In the present study, we did not conduct any experiment of fasting and refeeding under controlled situations, but correlations of urea levels with hatching date clearly support the former as indicative of nutritional conditions. It has been frequently demonstrated that females reproducing earlier in the season produced larger broods with offspring in better physical condition (Klomp 1970; Newton and Marquiss 1984; Ferrer et al. 1993; Moreno et al. 1997). For example, early Spanish Imperial Eagle nestlings were better nourished than later ones (Ferrer et al. 1993; Muriel et al. 2013), and the same was found in short-toed eagles Circaetus gallicus (Baumbusch et al. 2021). In the present study, urea was correlated to hatching dates, with those chicks hatched at the end of the breeding season being in worse condition.
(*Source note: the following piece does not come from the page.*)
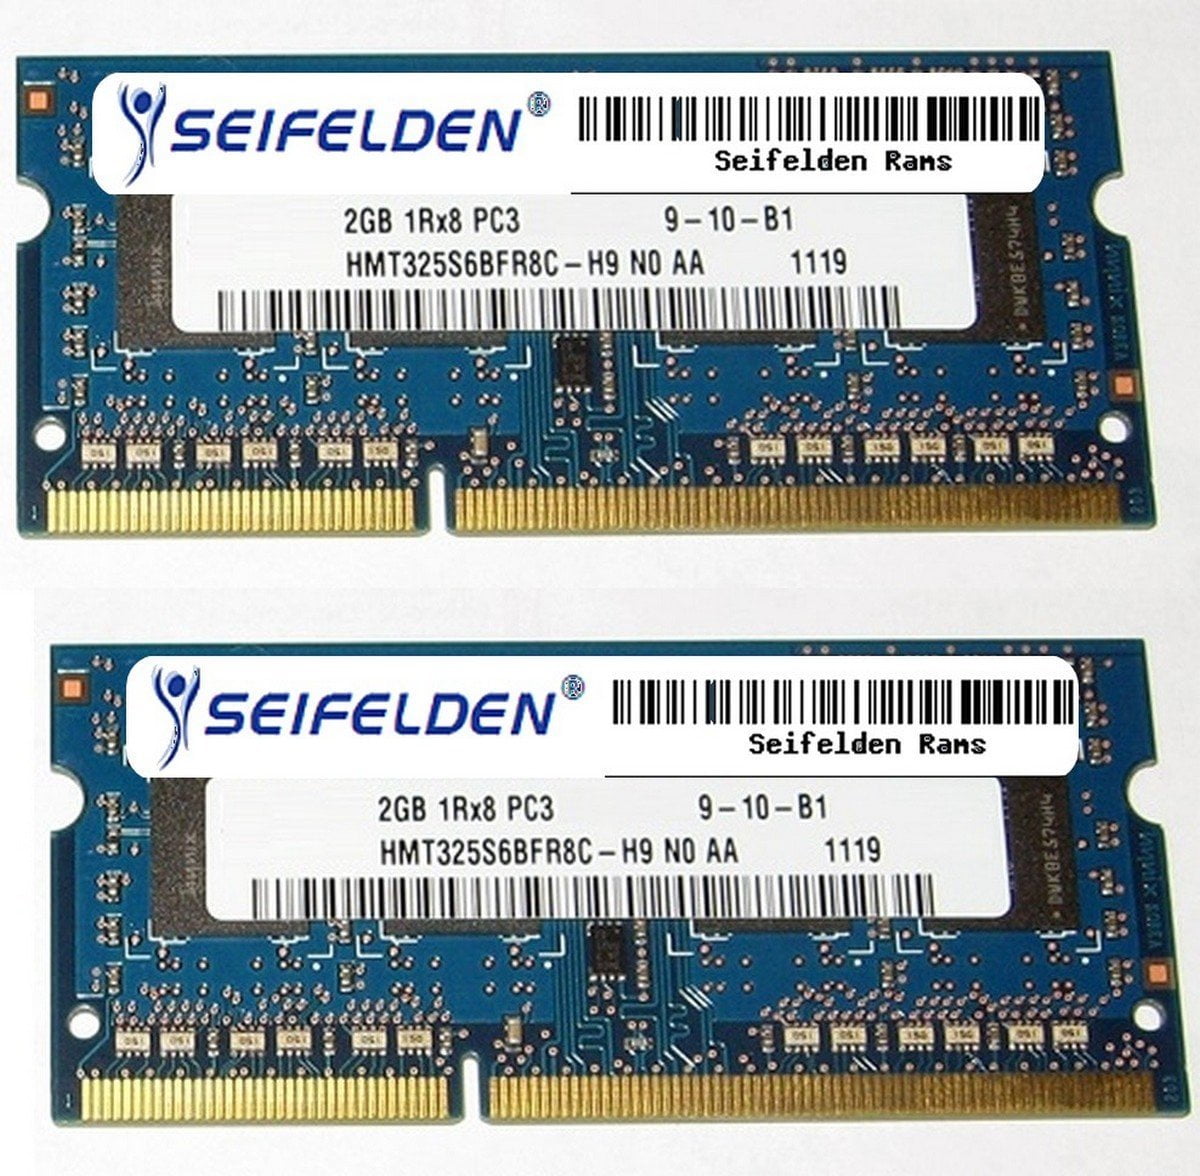 4GB Team High Performance Memory RAM Upgrade Single Stick For Toshiba Satellite Pro L350-233 L350-236 L350-236 L450-13L Laptop The Memory Kit comes with Life Time Warranty.

These different conditions could affect all the subsequent behavior of juveniles that start dispersal period in very different situations. For example, in Spanish imperial eagle, the maximum dispersal distances that occurs two years’ later were highly correlated with nestling nutritional conditions, being longer for those young with lower urea level when they were 45 days old, i.e., in better nutritional conditions (Ferrer 1992a, 1993; Ferrer and Morandini 2017). In Black-browed Albatrosses Thalassarche melanophrys, for instance, physiological condition determined behavioral response of nestlings to a shy-bold continuum test, being bolder with poor nutritional conditions (Morandini and Ferrer 2019). In consequence, determination of physiological conditions should be considered in any active conservation program for WTSE, as in any replication of this reintroduction elsewhere, because this would have important consequences in dispersal distances and behavioral responses of nestlings after being released.